- _Exercise details_
From the first line to the last, copy the data exactly and drop the pictures.
--- Stored data ---
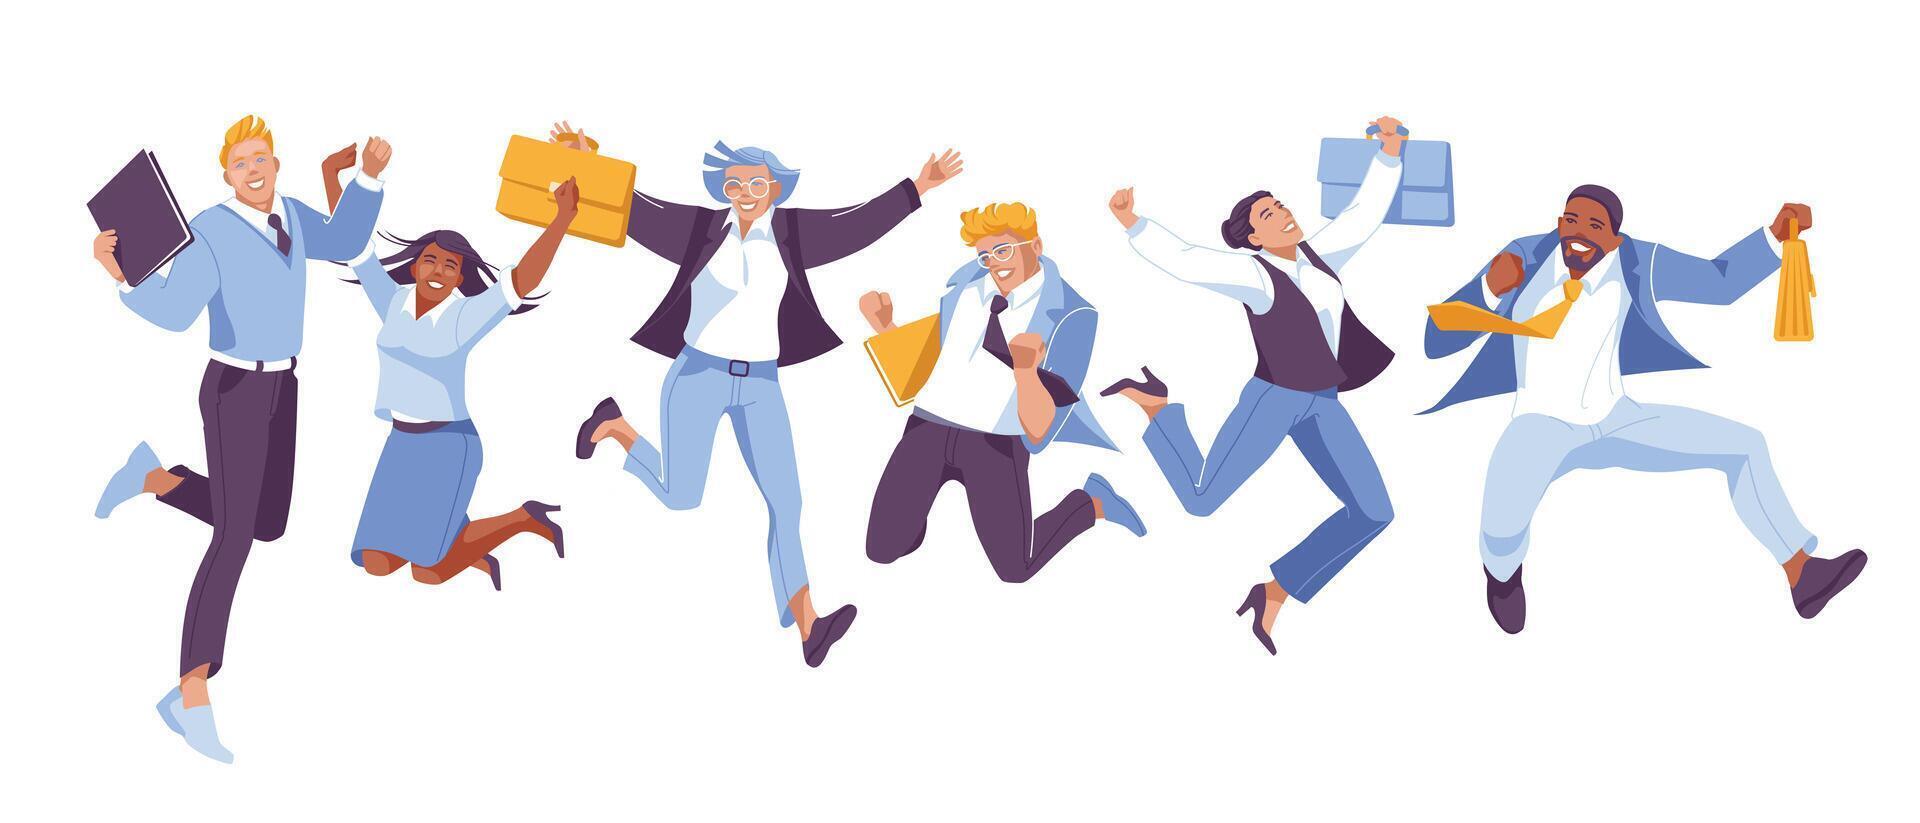 variety of business people jumping together. Teamwork and winning challenges. Isolated on white background. Vector flat illustration
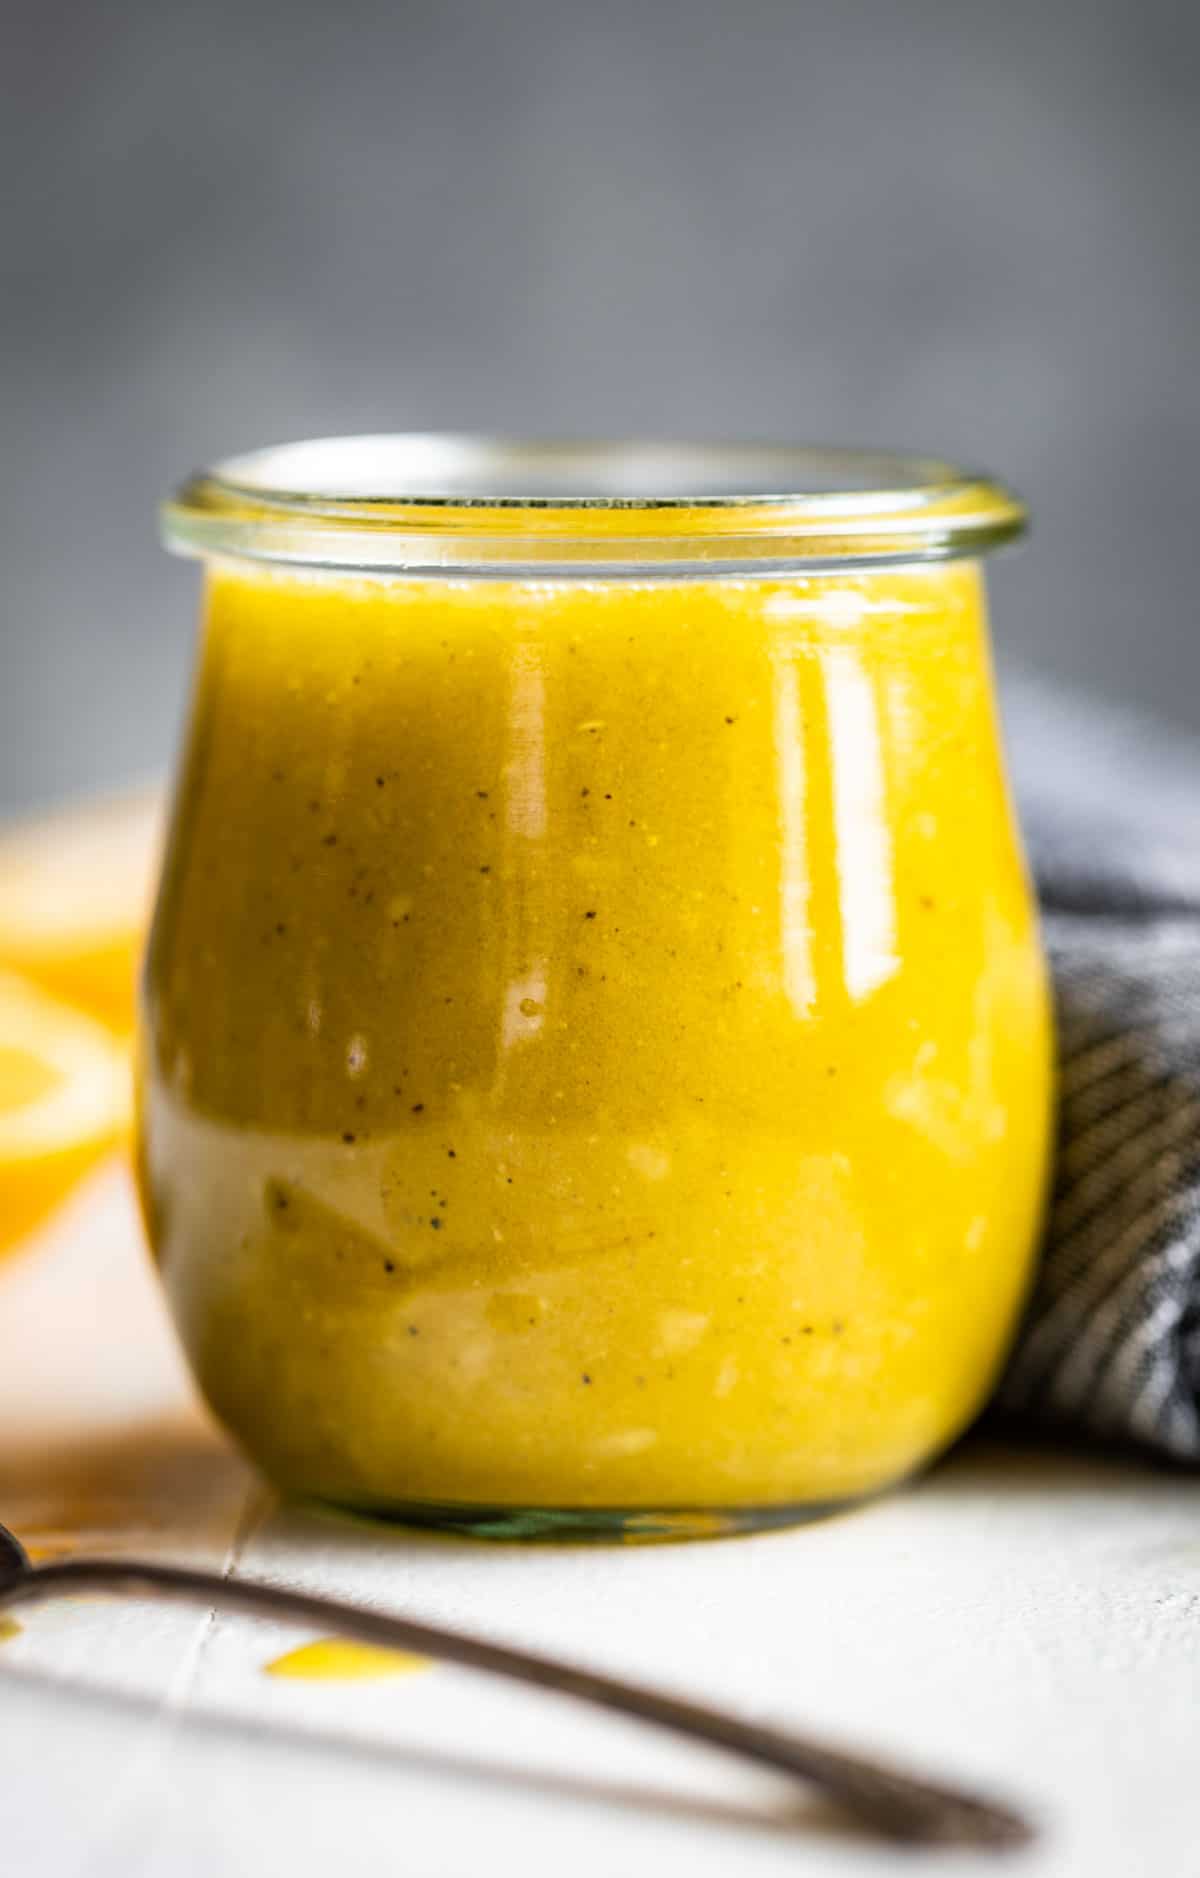 Lemon Vinaigrette in a glass jar with a silver spoon on the side.
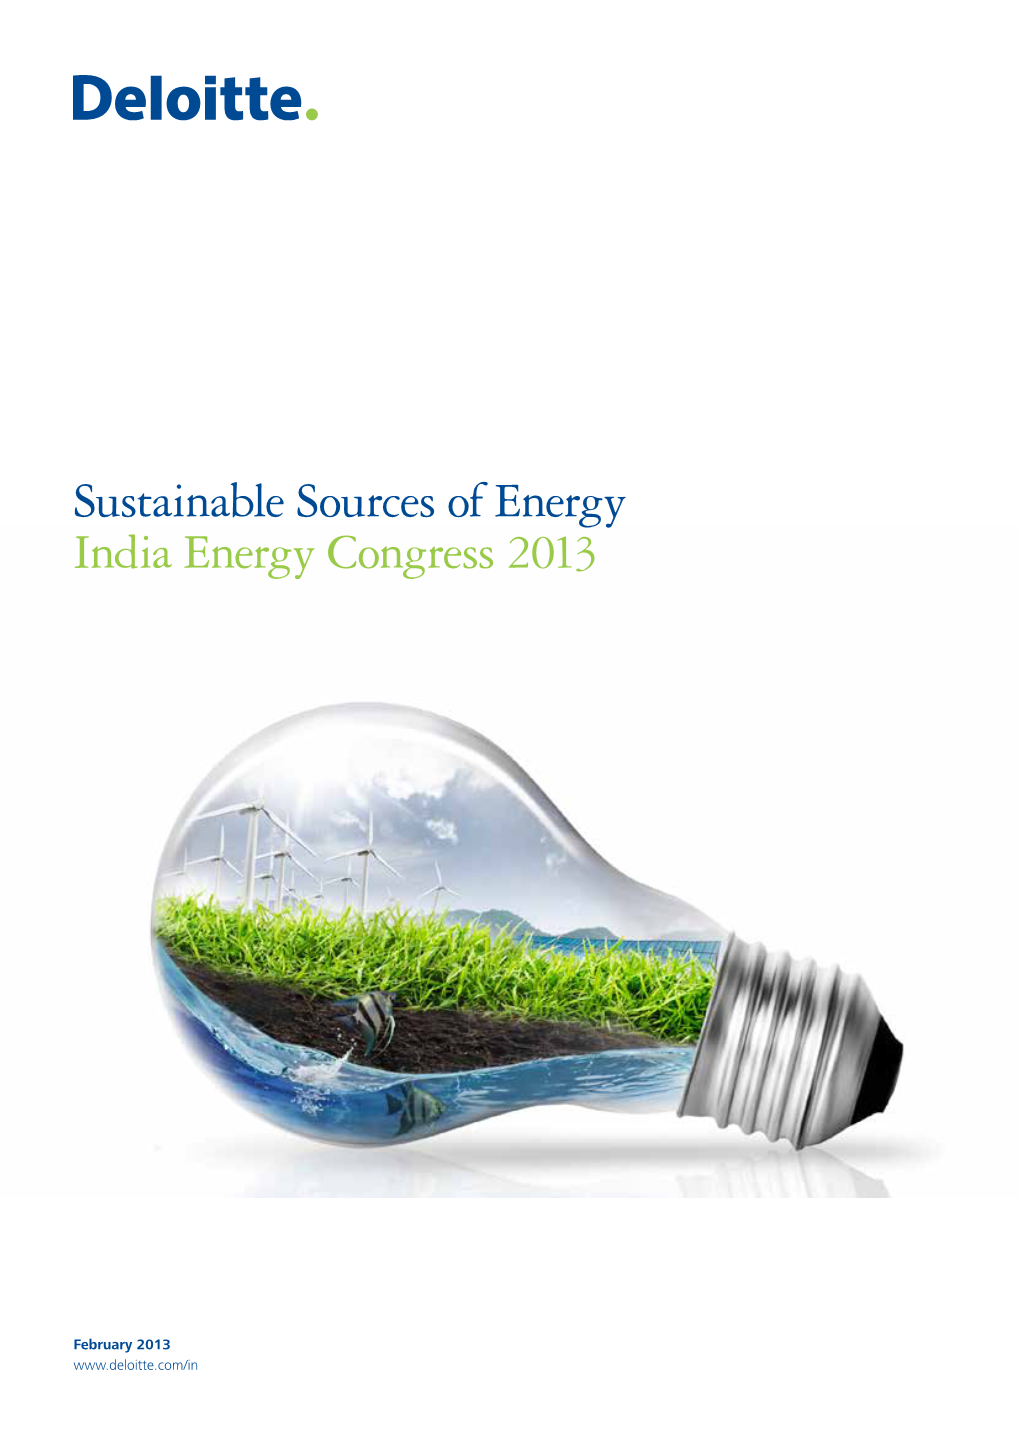 Sustainable Sources of Energy India Energy Congress 2013
---
- _Reply to the exercise_
 variety of business people jumping together. Teamwork and winning challenges. Isolated on white background. Vector flat illustration
 Lemon Vinaigrette in a glass jar with a silver spoon on the side.
 Sustainable Sources of Energy India Energy Congress 2013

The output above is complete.